Though dopamine neurons influence many diverse behaviors and diseases, scientists have historically presumed that all of these important nerve cells are molecularly similar within two clusters of the brain. In a new study, Northwestern Medicine scientists prove that premise wrong by identifying several molecularly distinct subtypes of dopamine neurons within each cluster.
The finding, made possible with a new single-cell gene expression profiling method, could lead to better and more targeted therapies for diseases and disorders of the central nervous system.
The midbrain dopaminergic system – less than 1 percent of the brain’s neurons – controls many kinds of behaviors, including movement, appetite, reward, aversion and pleasure. And it’s involved in medical conditions such as Parkinson’s disease, schizophrenia, obsessive-compulsive disorder, ADHD, depression and drug addiction.
“How is it possible that such a small group of neurons accounts for all these different functions and diseases?” said senior author Rajeshwar Awatramani, PhD, associate professor in the Ken and Ruth Davee Department of Neurology and the Center for Genetic Medicine. “Within these clusters there must be different kinds of neurons, each potentially doing different things.”
The puzzle percolated in Awatramani’s mind for a decade, until “a fortuitous confluence of events” allowed him to investigate: First author Jean-Francois Poulin, PhD, a postdoctoral fellow with the same interest, joined his lab. At about the same time, new high-throughput technology became available.
“A company called Fluidigm developed a microfluidic array that allowed us to take single dopaminergic neurons and look at their gene expression profiles in a very cost-effective and fast way,” said Awatramani.
Most midbrain dopamine neurons cluster in the substantia nigra or the ventral tegmental area of the brain. Previous studies presumed that neurons in one structure are different from those in the other, but that all the neurons within each are the same. Therefore, they conducted gene expression analysis on the whole samples rather than individual cells.
By profiling single cells, 96 genes at a time, Awatramani and Poulin discovered that the two main clusters contain multiple intermingled subtypes of neurons. Their results were published in Cell Reports.
“Some of these cell types have very unique markers, molecular signatures that give us genetic access to those populations,” said Awatramani. “With that information, we can develop tools to shut off a type of neuron in mouse models and find out its function.”

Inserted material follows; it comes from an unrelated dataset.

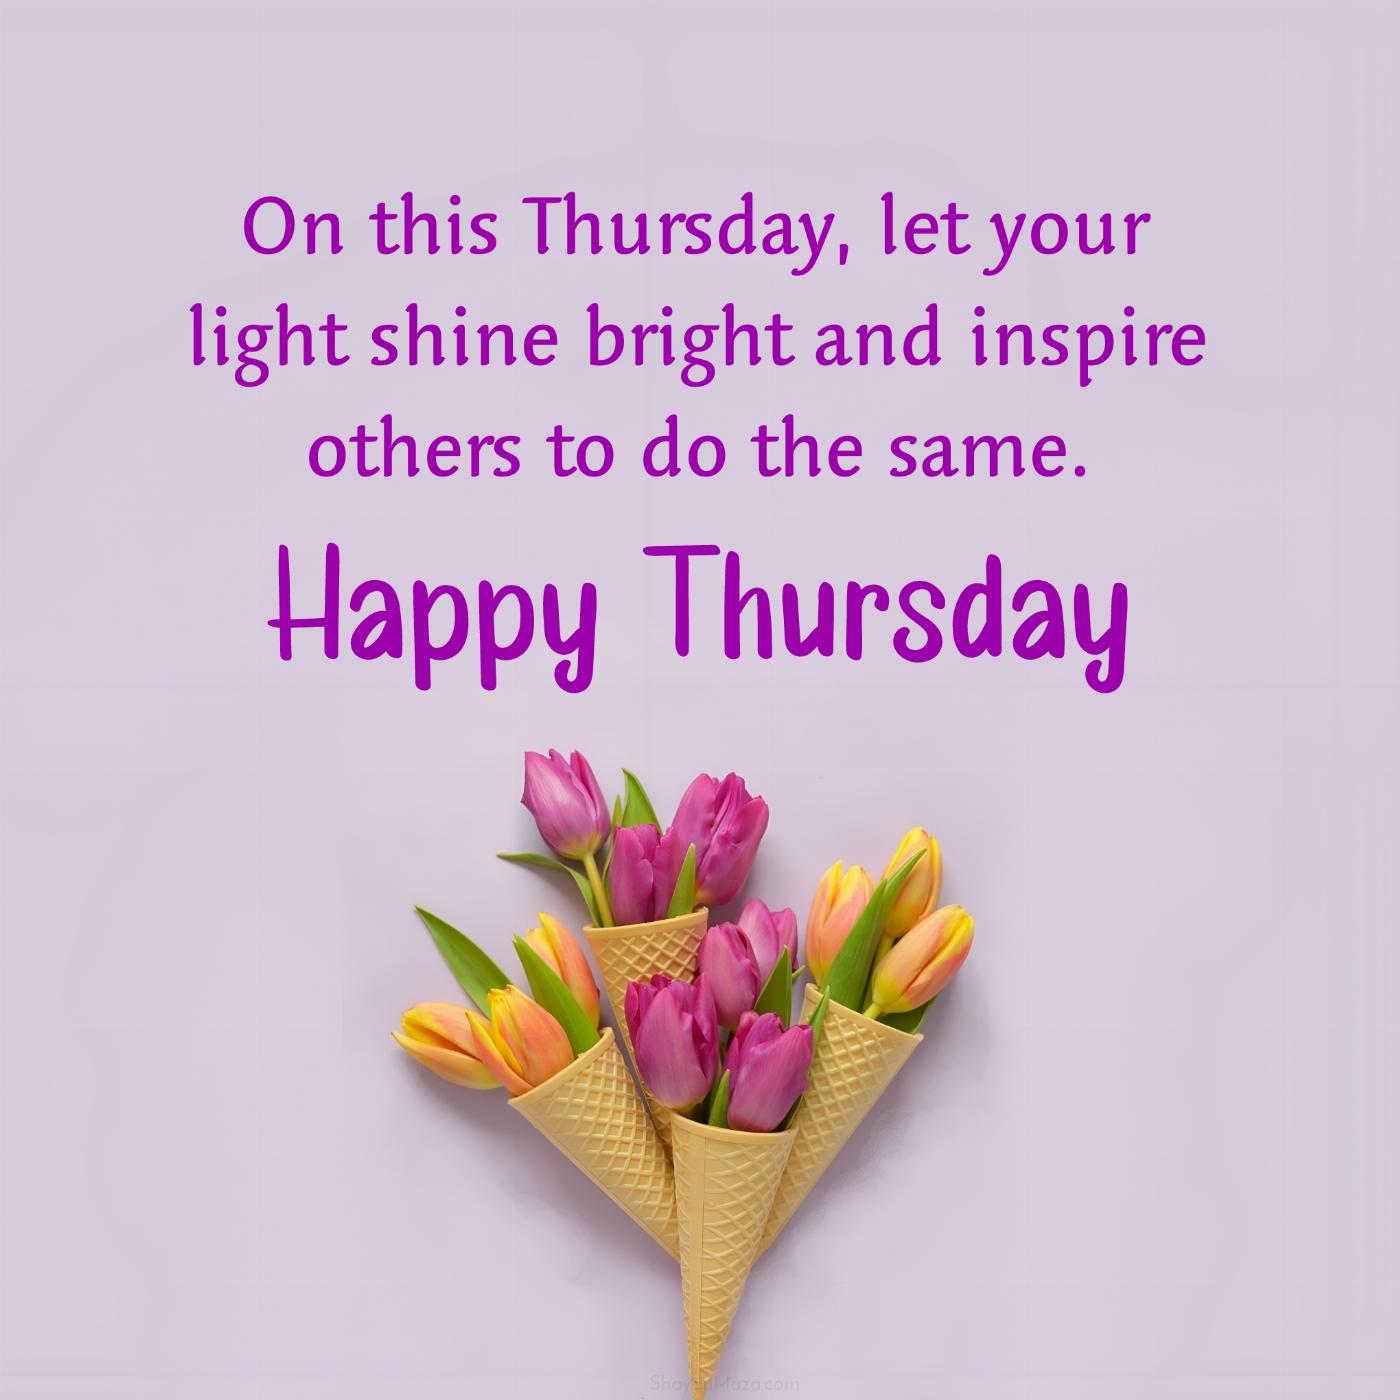 On this Thursday let your light shine bright

Ultimately, this study’s findings could make it possible to target specific neuron subtypes – instead of all of them – in therapies for Parkinson’s and other diseases.
“The adverse effects of dopaminergic therapies could possibly be minimized by knowledge of what’s expressed in each of these subsets,” said Awatramani, who is a member of the Robert H. Lurie Comprehensive Cancer Center.
In addition to dopamine neurons, he says that scientists can use the same microfluidic array method to reclassify other neurotransmitter populations in the brain.
“Classifying neurons in the brain is one of the main goals of the Obama administration’s BRAIN Initiative,” he said. “This single cell platform is a very nice way to achieve that goal.”
This work was supported by the Paul Ruby Foundation for Parkinson’s Research through the through Northwestern Memorial Foundation; Fonds de recherche du Québec – Santé; Michael J. Fox Foundation; Canadian Institutes of Health Research; National Institutes of Health (NIH) National Institute of Neurological Disorders and Stroke grant 1R21NS072703-01; and NIH Clinical and Translational Science Awards UL1 TR000150 and UL1 RR025741 to Feinberg.